◆ Data extract:
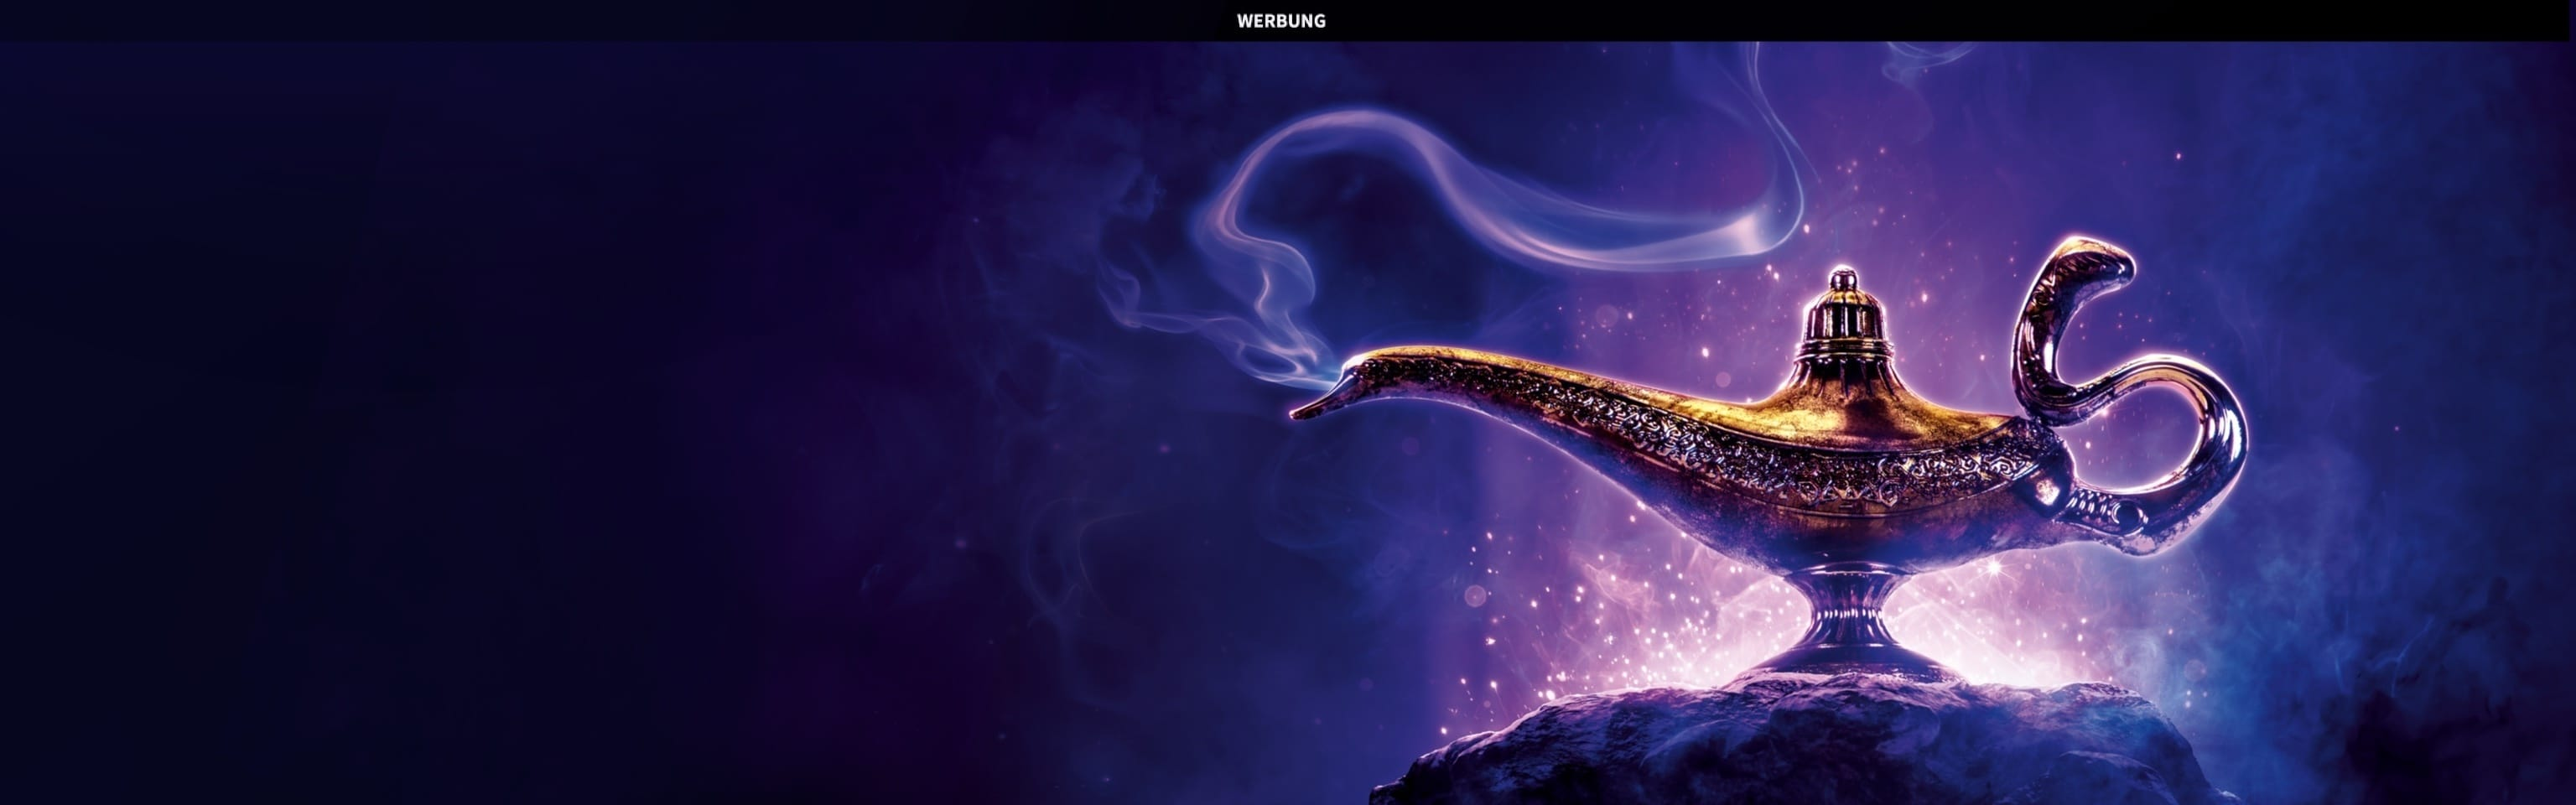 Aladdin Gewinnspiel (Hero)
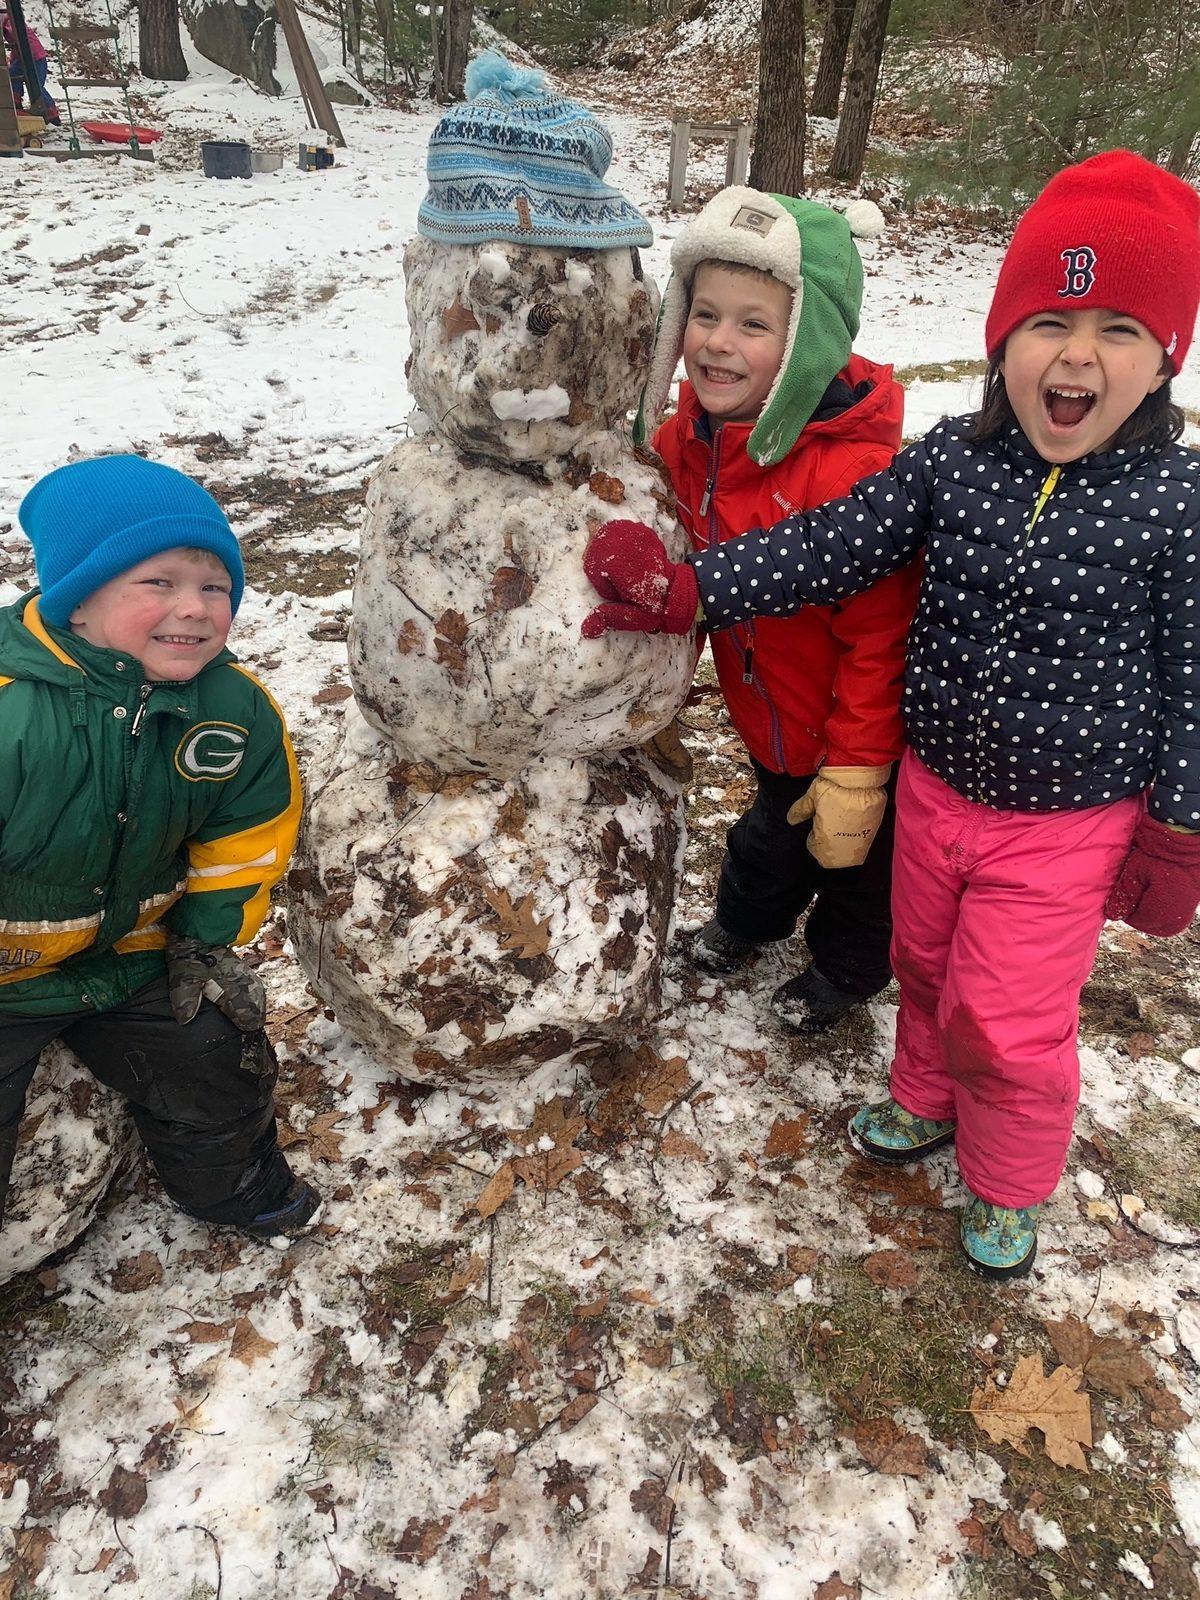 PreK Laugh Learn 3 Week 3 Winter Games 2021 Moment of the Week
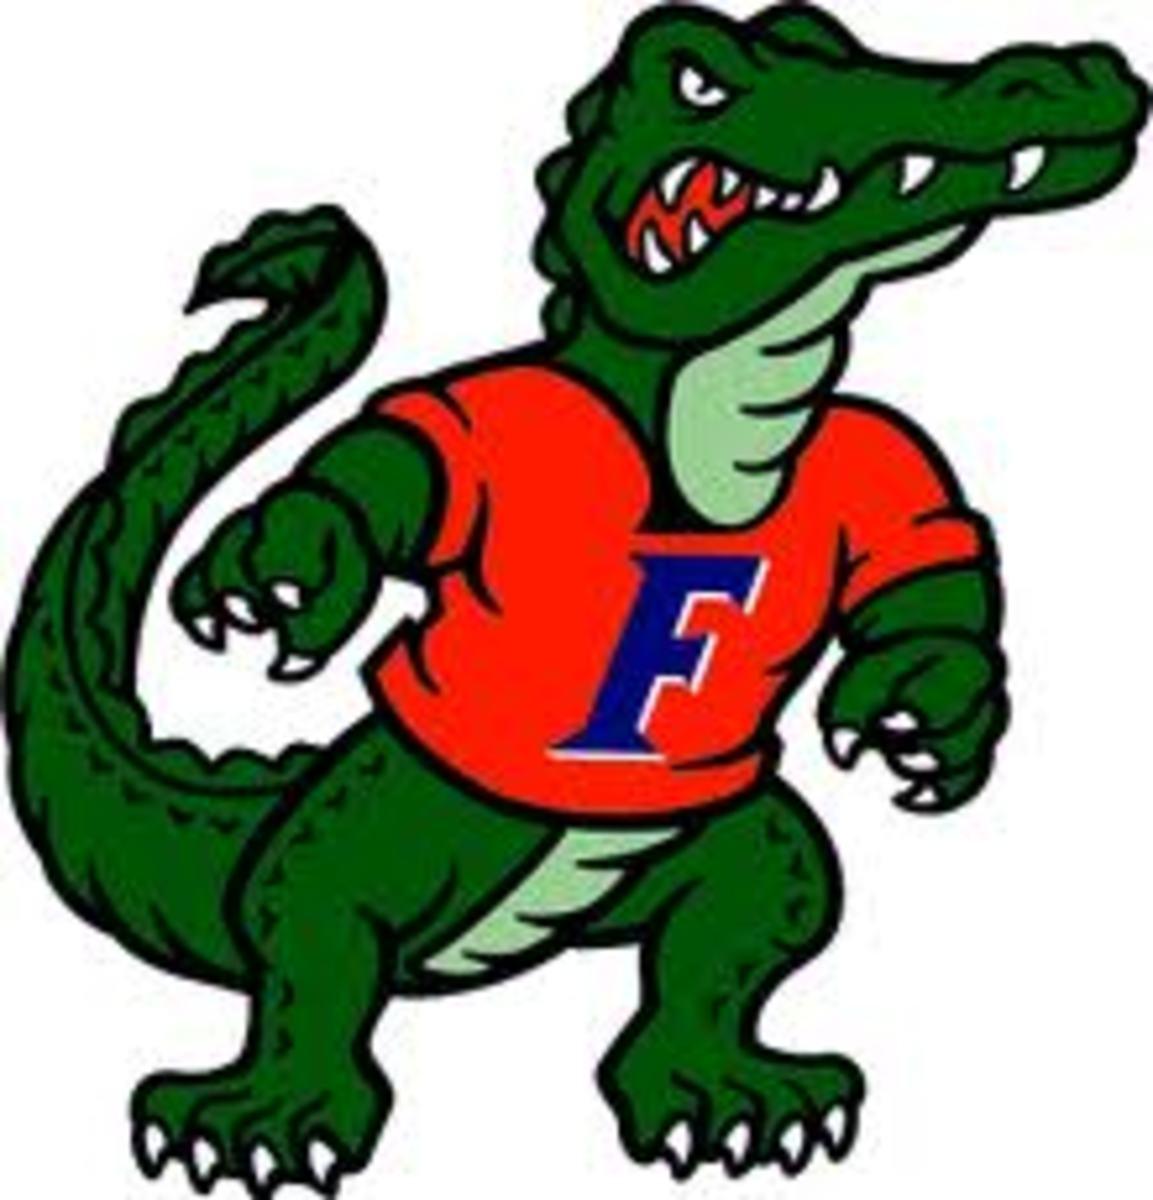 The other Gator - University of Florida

◆ What to work on:
Every line in the data above needs to be given again exactly, pictures aside.

◆ Solution to the problem:
 Aladdin Gewinnspiel (Hero)
 PreK Laugh Learn 3 Week 3 Winter Games 2021 Moment of the Week
 The other Gator - University of Florida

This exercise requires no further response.